Nicole Copley is an NGO lawyer who works for NGO clients all over South Africa and internationally. She qualified with a BA LLB LLM (Tax) from the University of KwaZulu-Natal, Durban (with a Masters in tax exemption), and is a Master Tax Practitioner SATM.

Nicole advises on, drafts and amends founding documents for and sets up every sort of organisation required by South African NGOs. She makes tax exemption and 18A (deduction of donations) applications, and applications to be registered with the Nonprofit Organisations Board. She (and her team) keep registrations up to date and assist with compliance and reporting. She also NPO reporting and other services. She advises on re-structuring and assists not-for-profits in understanding and applying the useful provisions of B-BBEE.
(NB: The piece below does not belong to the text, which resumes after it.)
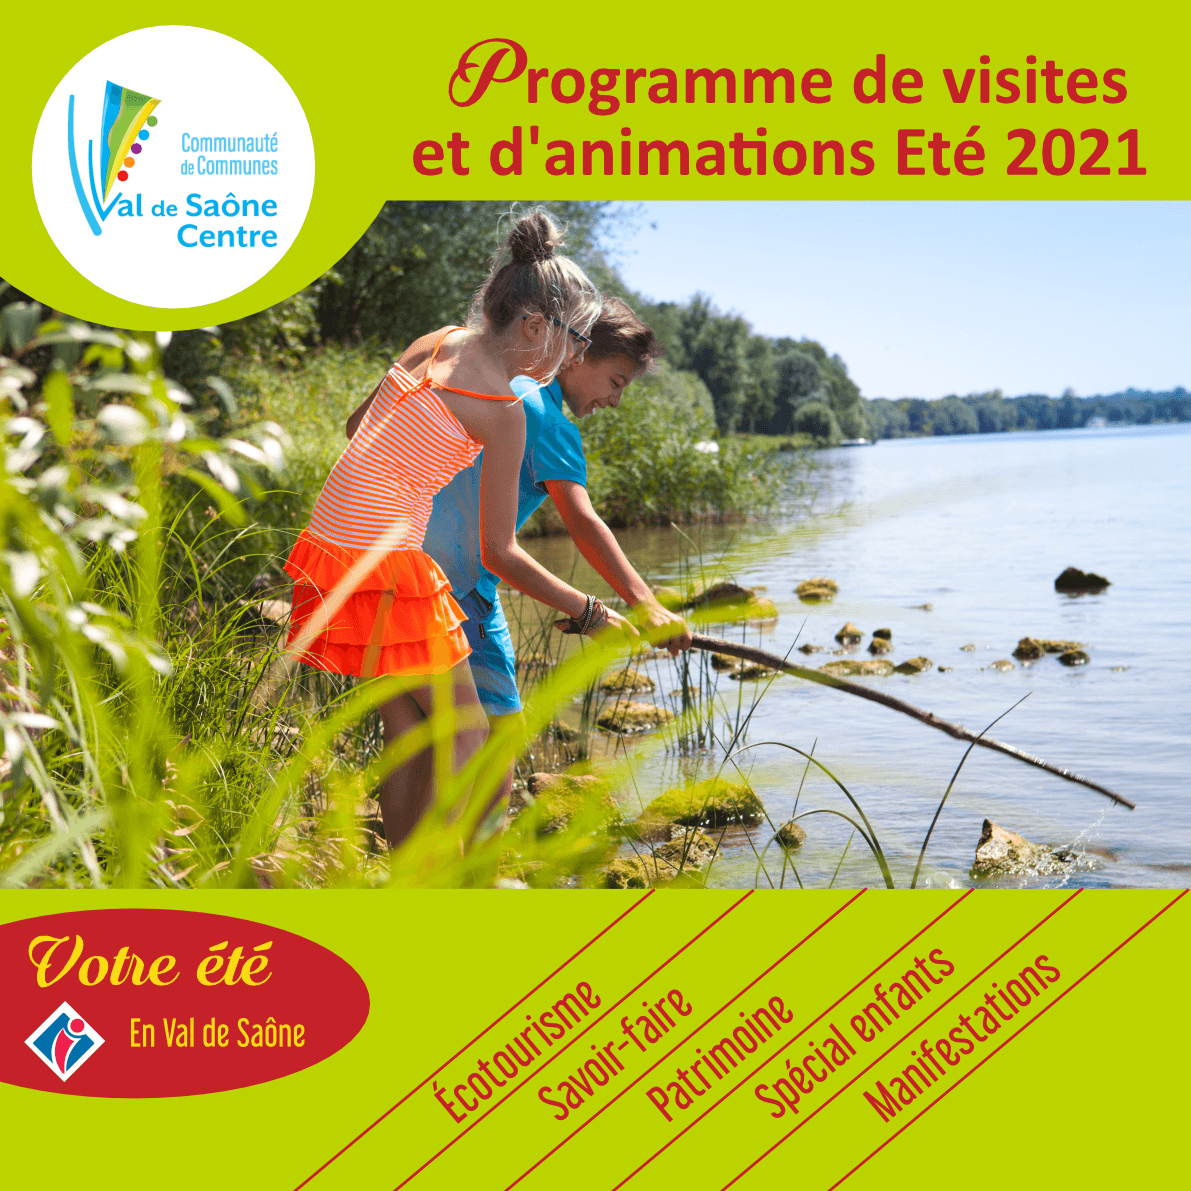 Votre été en Val de Saône

She also does commercial drafting work for her NGO clients, vetting and drafting agreements for them. She works for a wide range of types and sizes of organisations and aims to provide a pragmatic and efficient service. Her decades of experience in consulting to NGOs means she takes the long view, is focused on governance, ethics, credibility and sustainability and steers clients away from quick fixes, helping them build/renovate so that the organisation outlasts current office bearers.

Nicole works with other consultants to the not-for-profit sector, collaborating on training, newsletters, advising government on legislation for the sector and, most recently, a series of practical guides for the sector, called “NGO Matters”, originally published by Juta but now published by Nicole as NGO Matters Publications.

She has been a consultant since 2019.